Pre SOX Post SOX Total Pre SOX Post SOX Total

OC CEO 221 47 268 128 52 180

Rational

CEO 378 279 557 132 113 245

Total 599 226 825 260 165 425

Table 4: acquisitive behavior for treated vs non-treated firms

Table 4 provides the different effect from SOX on the acquisitive behavior of both types of CEOs for treated- and non-treated companies. Firstly, treated companies performed 825 acquisitions in total. This amounts to 66 percent of all acquisitions done in the sample. The summary statistics table shows that 64 percent of observations are from the treated companies. The treated group thus seems to perform relatively more acquisitions than the non-treated group.

Secondly, the table illustrates acquisition frequency before and after SOX for both groups.

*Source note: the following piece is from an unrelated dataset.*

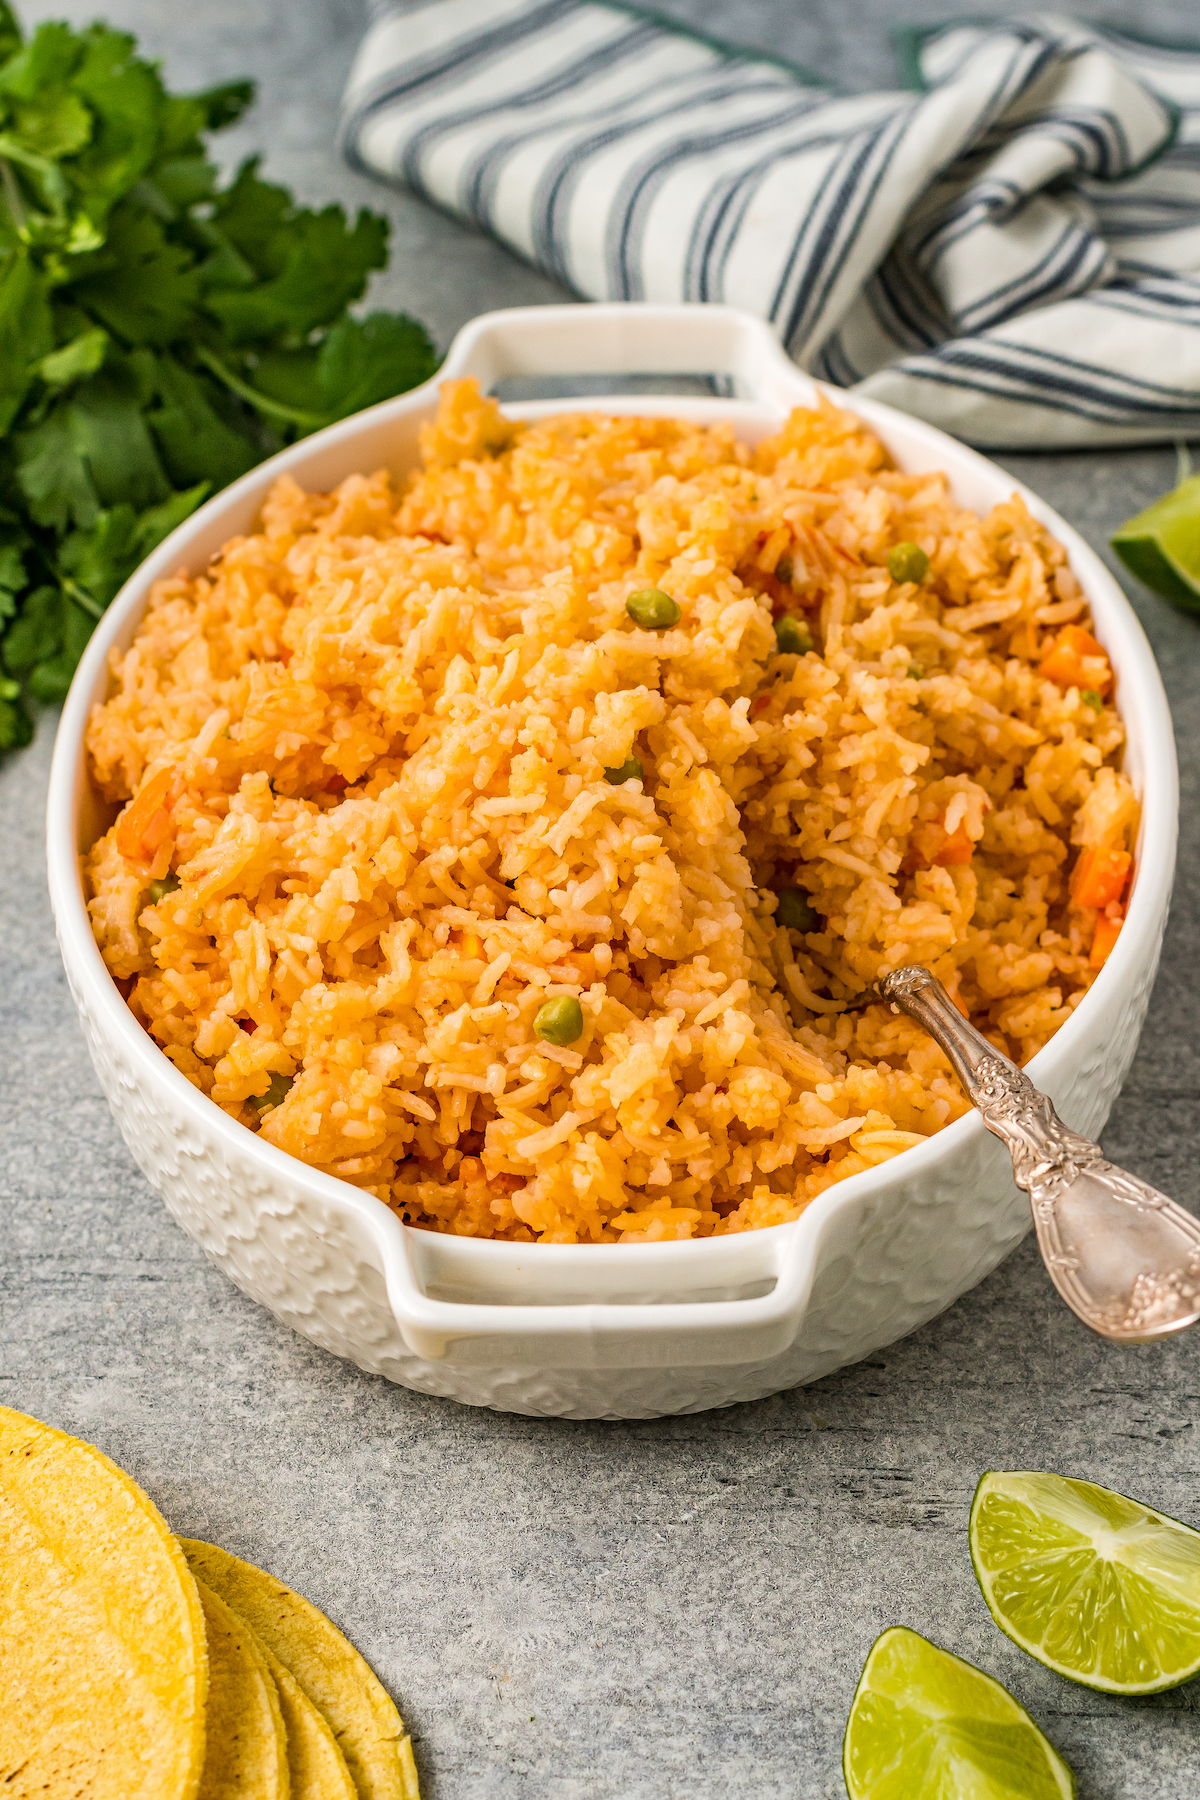 A casserole dish filled with seasoned rice. A spoon is stuck into the rice.

For the treated companies, 599 of the 825 acquisitions were done pre SOX. This decreased with 62 percent to 226 after SOX was introduced. In the non-treated group, 260 acquisitions were made before SOX. This number decreased with 37 percent to 165 post SOX. The treated companies thus experienced a relatively larger drop in acquisitions after SOX than the non-treated group. Another remarkable observation is that post SOX, relatively more acquisitions were done by overconfident managers in the non-treated- than in the treated group; 32 percent compared to 21 percent respectively.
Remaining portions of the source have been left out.